Dickens’ reading tours, some 400 performances mainly in the UK and America, earned him more money than all his novels combined. Mr Charles Dickens Presents A Christmas Carol is a recreation of one of these live performances, with the aid of modern sound design, back projections, and lighting. It is a good idea, albeit one that requires a central performer with the magnetic presence and power for characterisation that Dickens reportedly demonstrated. O’Connor is manifestly skilled but never reaches those heights. The problem is that, like Shakespeare, Dickens’ prose sounds best when delivered at a sparky pace. Here the performer, presumably at director Peter Craze’s behest, acts out almost every word with the exaggerated movements, melodramatic facial tics, and evocative hand gestures of a 19th century stage player. It looks great and may well have historical veracity, but for modern audiences it drags mightily.

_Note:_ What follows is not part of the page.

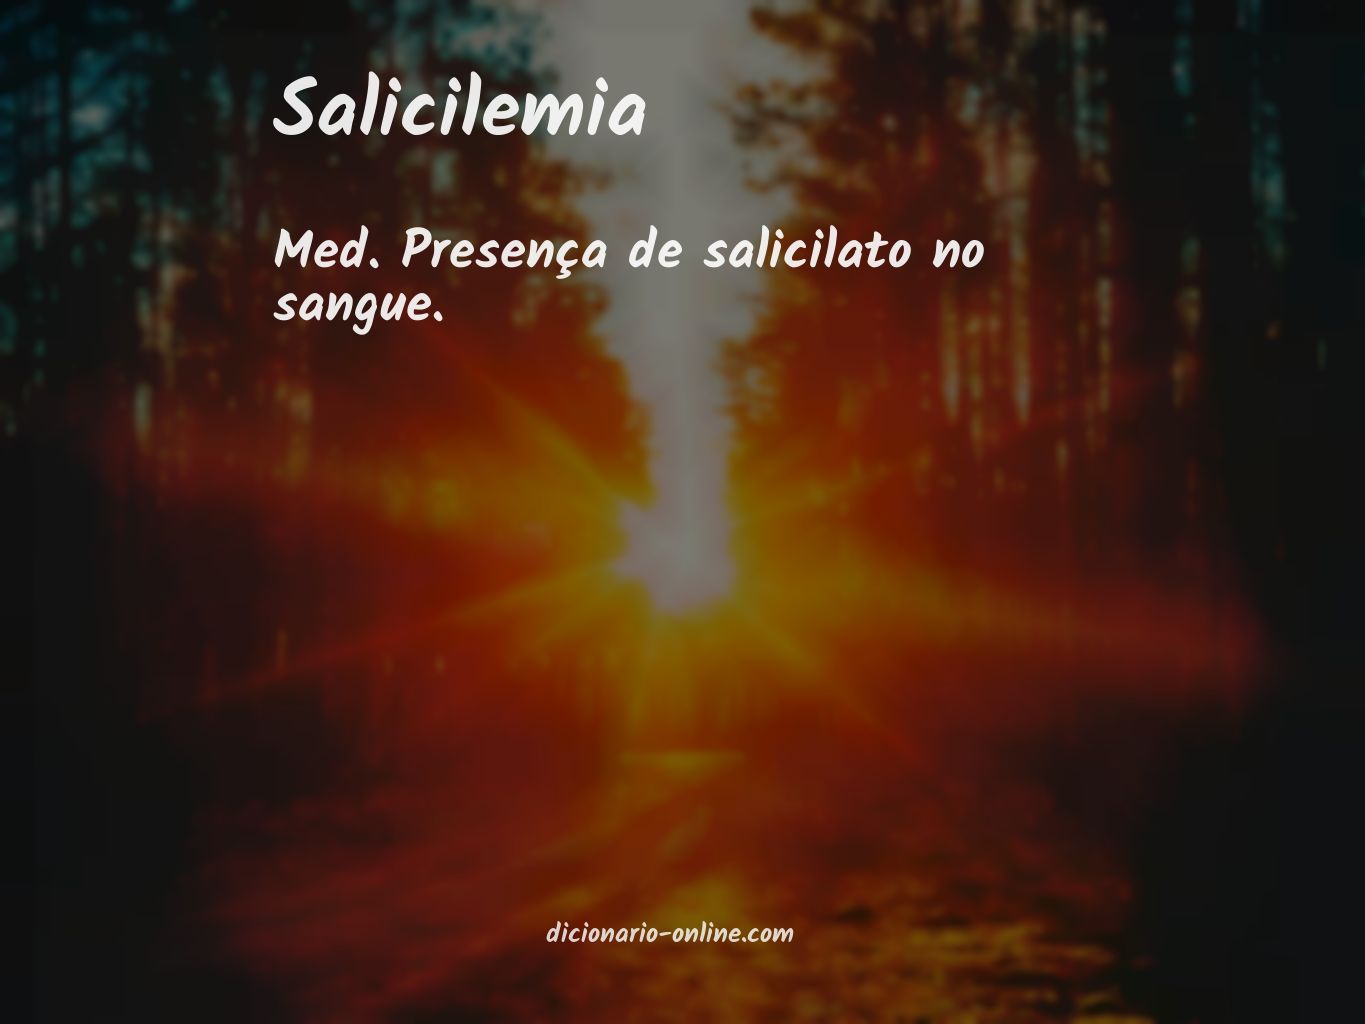 Significado de salicilemia

The pacing is not helped by sound design from Matthew Eaton that is slavish in its interpretation of text. The prose demands winter bells, so we get them. It demands a squeaky staircase, and we get it. It requires the chiming of many clocks, and that we get. Viz., the banging of doors, clanking of chains, bolts shutting, horses trotting, fiddling fiddlers, carollers carolling etc. All technically impressive, but the soundscape rarely adds momentum to an already sluggish pace and would suit a radio play better. Perhaps a directorial decision to trust text and performer to communicate a sense of place might have helped.
O’Connor intones Scrooge with the cranky impatience of Alastair Sim’s 1950s screen version crossed with the shiftiness of Mr Burns from TV’s The Simpsons. He adopts an Irish American brogue for the ghost of Christmas past and broad Yorkshire for the ghost of Christmas present. Marley is indicated with a loud snort through the nose in advance of every piece of dialogue. Fezziwig comes with the sound of marbles in the mouth. Suffice to say the voices are not always subtle but at least we know where we are in the story.
The set from Tom Paris, tall cases that unfold to reveal a comfortable Victorian study against back projections of snowy London watercolours, is highly effective. So slow is the show you may find yourself counting the set’s candlesticks. The best thing is a tremendous lighting palette from Duncan Hands that cleverly evokes the ethereal presence of visiting ghosts.